Hannah Heller and Gwendolyn Fernandez are both long-time organizers with Museum Workers Speak (MWS), the activist collective that formed in 2015 and has led mutual aid efforts through the Museum Workers Relief Fund since 2020. In their essay, “Museum Workers Reflect on Their Visions for Museums ‘Post’ Covid: I love museums, but…,” they analyze the qualitative data from the open-ended responses to their Relief Fund’s 2024 application. Their conclusion gives voice to MMF’s quantitative findings. Hannah and Gwendolyn note that “palpable throughout the data is a tension between a profound belief in the potential of museums and feeling regularly mistreated and disappointed by the realities of low-paying jobs, toxic work environments, and a failure to meet the ideals set forth in mission statements.” Their essay helps us see that workers love museums and are demanding change so that they can sustain careers in them.

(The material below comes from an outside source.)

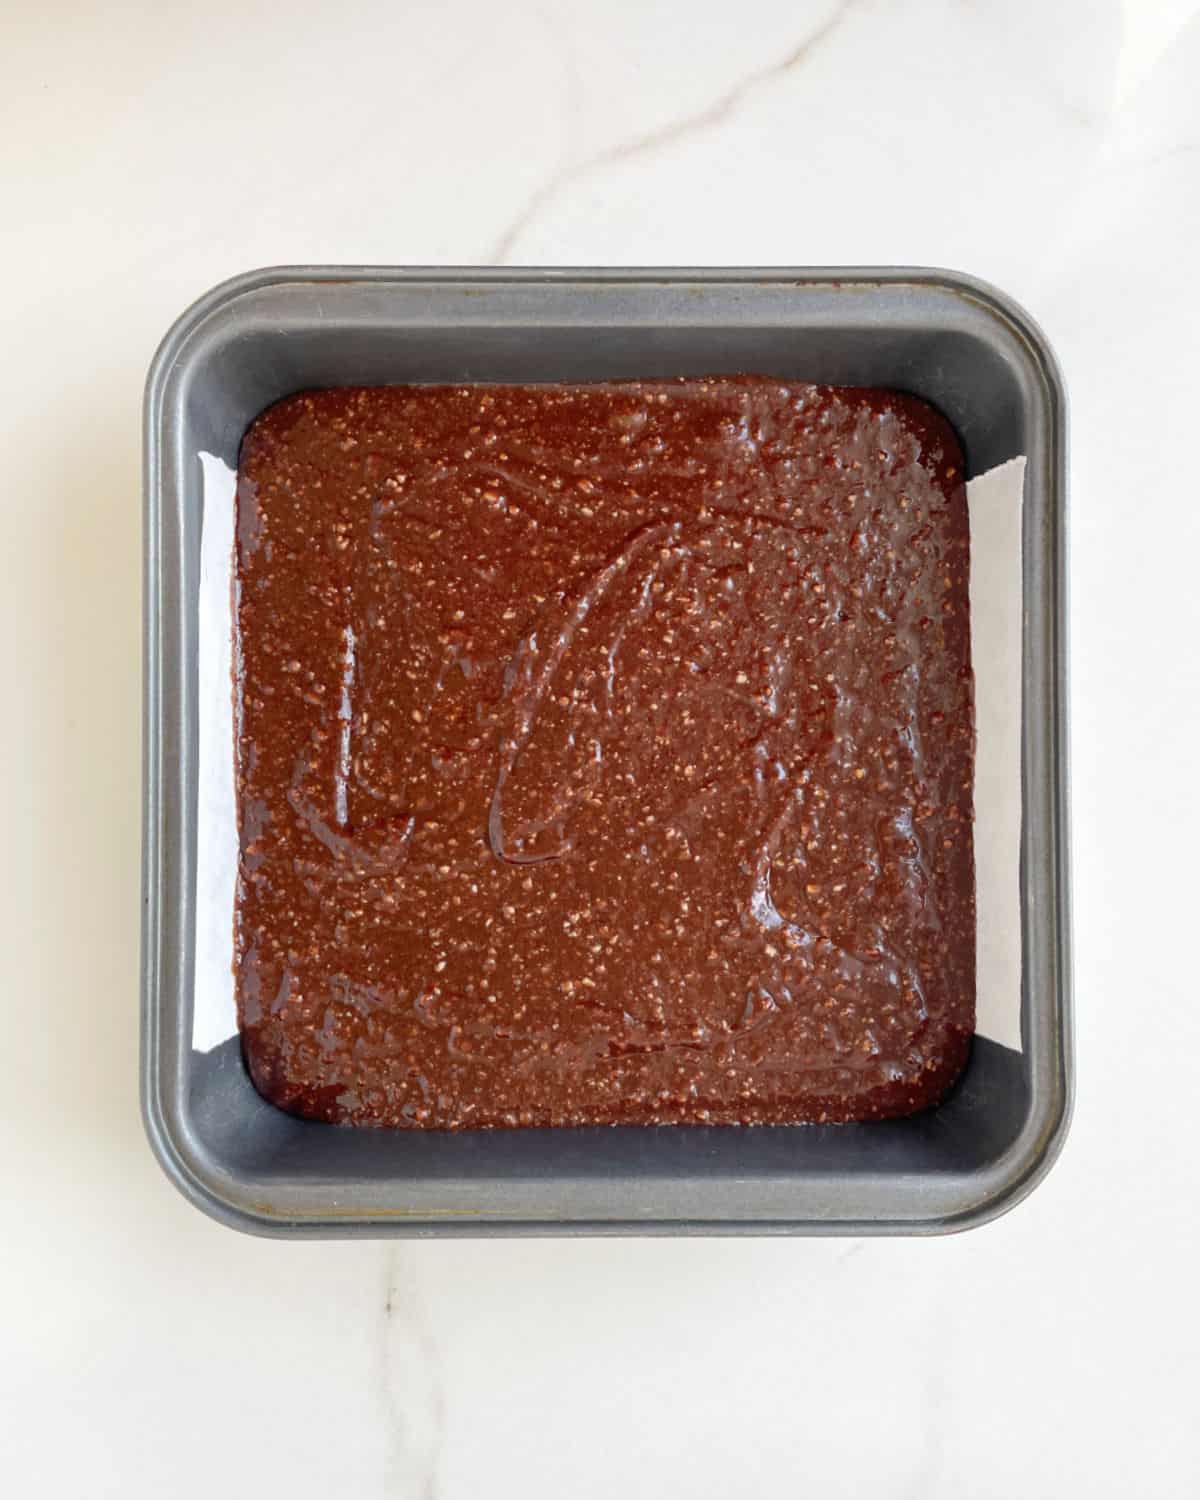 Brownie batter in a square metal pan on a white marble surface.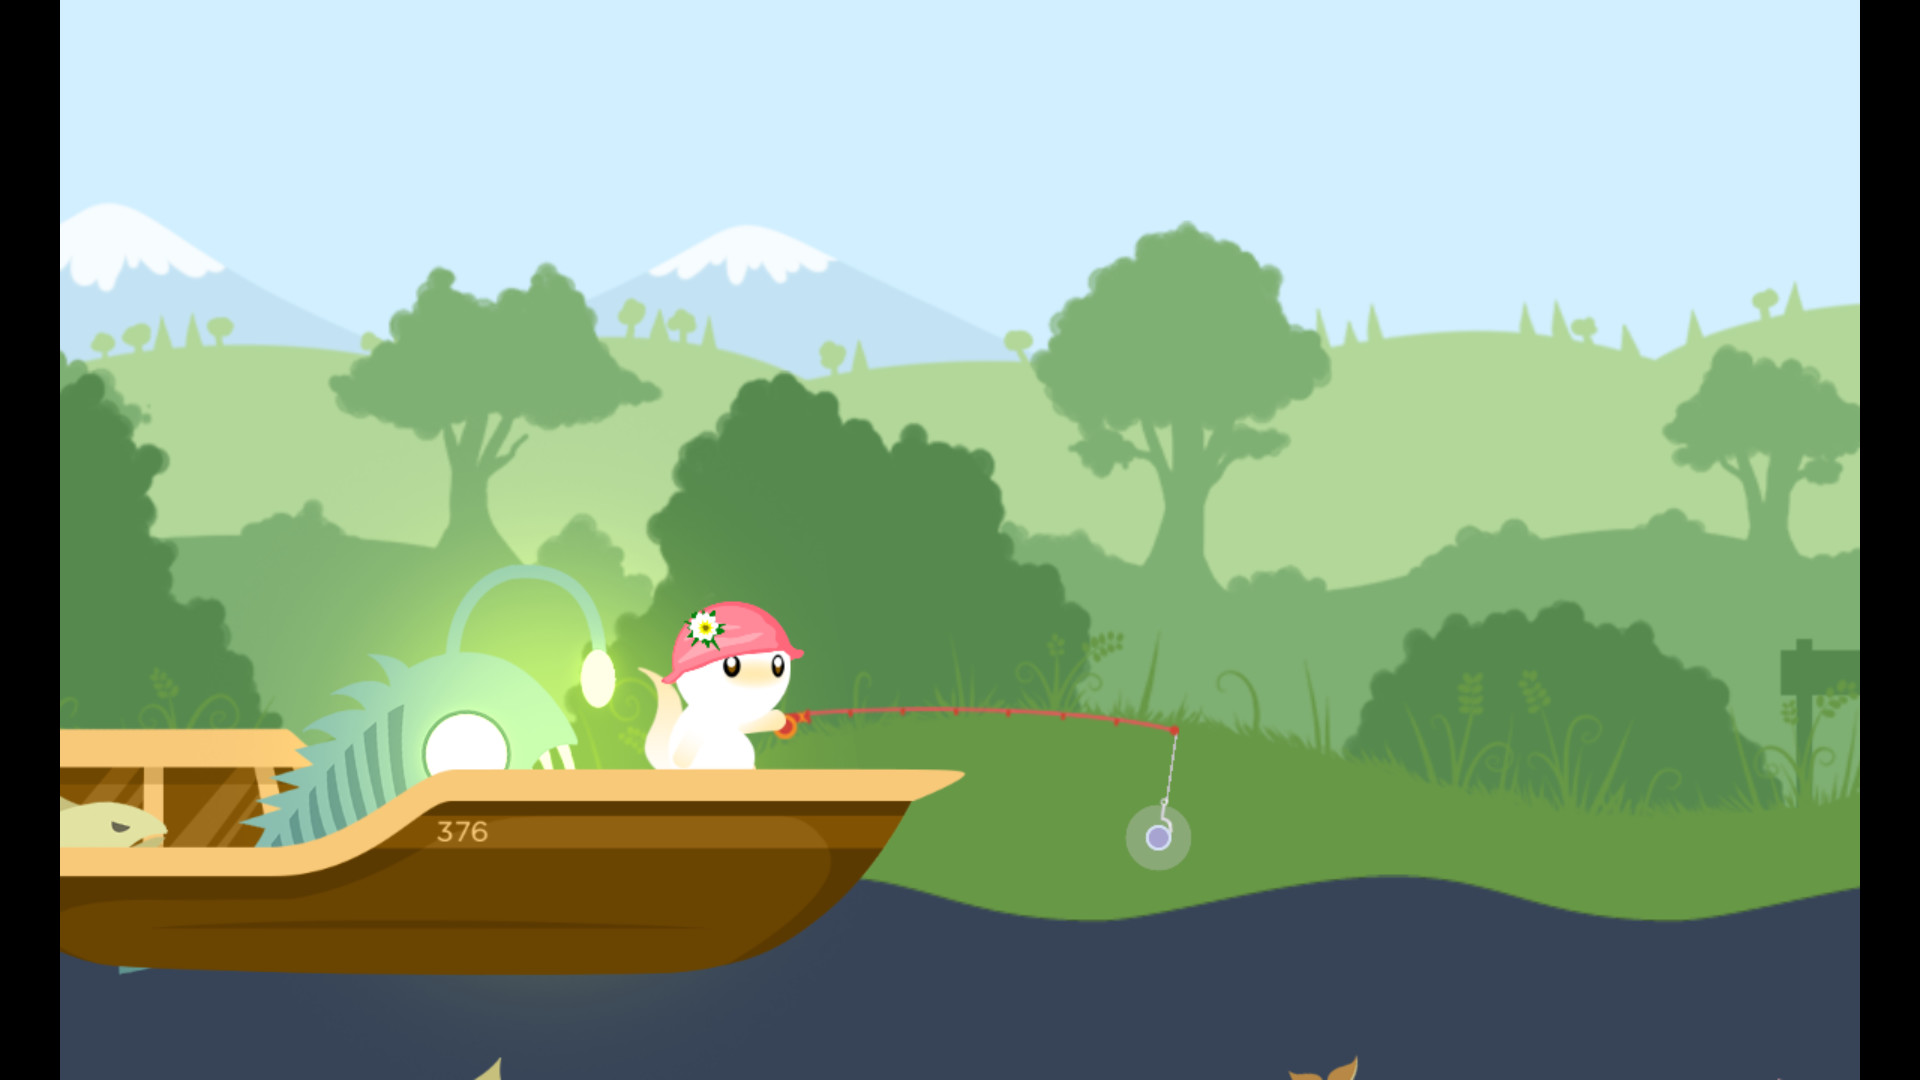 cat goes fishing lite pc download

To better understand the context from which this tension arises, we asked Nizan Shaked—who has written extensively about the relationship between art museums, the art market, and broader economic and sociopolitical structures—to respond directly to Hannah and Gwendolyn’s analysis. In her essay, “Listening to Museum Workers Speak,” Nizan explores the needs voiced by cultural workers and offers a historical perspective on their predicament. Art museums are, at once, a site of disruption and creativity stewarded by passionate staff and a financial enterprise where “confidence in the art market is stabilized by centuries of public collecting [by museums], just as currency is stabilized by national banks.” It is in this context that while some workers make below a living wage and find inspiration in the labor actions of Amazon delivery drivers and Starbucks baristas, their institutions court the attention of ultra-high-net-worth individuals whose names might adorn galleries and endow leadership positions.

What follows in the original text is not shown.